Жорж Сименон - Вдовец
Если бы не этот странный мигающий полусвет, никогда бы он не решился.
— Лягте со мной…
— Но ведь это вы ради меня, да?
— Нет.
Он начал шептать ей на ухо и через несколько мгновений он и сам уже не знал, от чего мокры его щеки — от ее ли слез, от его ли собственных…
Избегая называть вещи своими именами, он пытался объяснить, что не уверен в себе, он боится, что ничего у него не получится, только поэтому и оттолкнул ее, ему ни разу не удавалось это ни с одной женщиной…
Он не видел ее лица, но чувствовал в ней — сначала недоумение, затем жалость, потом, немного позже, что-то вроде нежности к нему. Они лежали, тесно прижавшись друг к другу.
— А вы пробовали?
— Да.
— Часто?
— Довольно часто.
— Там?
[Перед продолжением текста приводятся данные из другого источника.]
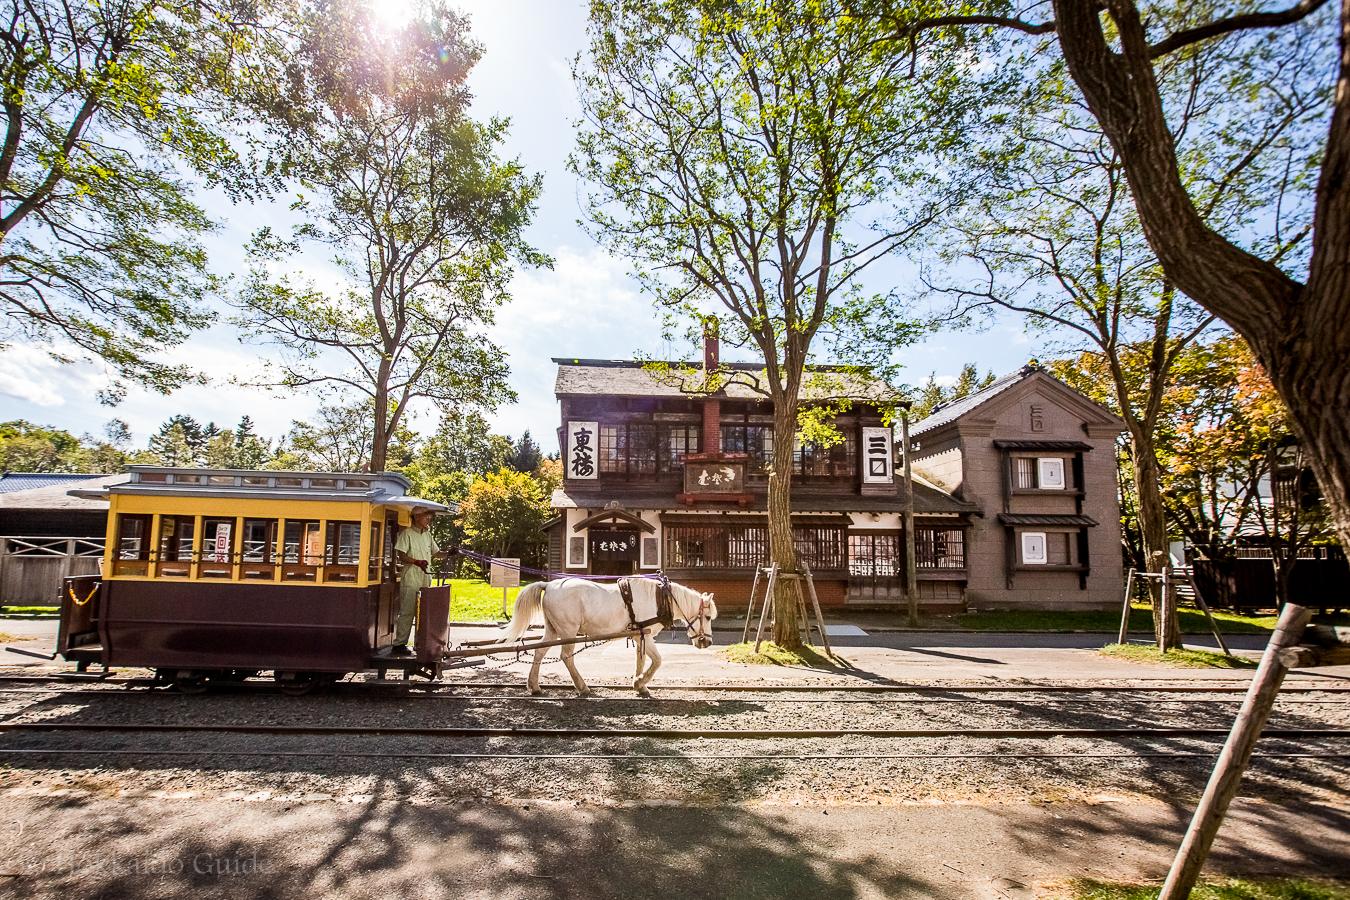 Hokkaido Historical Village

С…
Он догадался, что она указывает на дверь гостиницы на противоположной стороне улицы.
И она тоже не решалась называть вещи своими именами.
Они замолчали. Потом она шепнула:
— Тсс! Ничего больше не говорите… Дайте мне…
Ему было стыдно. Раз десять делал он попытку оттолкнуть ее. Никогда еще не чувствовал он себя до такой степени вне всего. Париж, улицы, дома, прохожие, звуки — ничего этого больше не существовало. Не существовало больше Бернара Жанте. Было только тело, слившееся с другим телом. Он слышал не свое дыхание, он ощущал биение не своего сердца.
Ему хотелось сказать ей:
— К чему? Ведь все равно ничего не выйдет…
Все прежние, уже позабытые унижения вновь вставали в его памяти, вызывая чувство дурноты.
Нет, скорей зажечь свет, скорей вернуться в реальность, в повседневность…
Но каждый раз, как он делал попытку отстраниться, она вновь цеплялась за него, повторяя:
— Тсс!
И мало-помалу словно все больше проникала в него, вливая свою волю, свою уверенность, свою жизнь, подчиняя его тело ритму своего тела.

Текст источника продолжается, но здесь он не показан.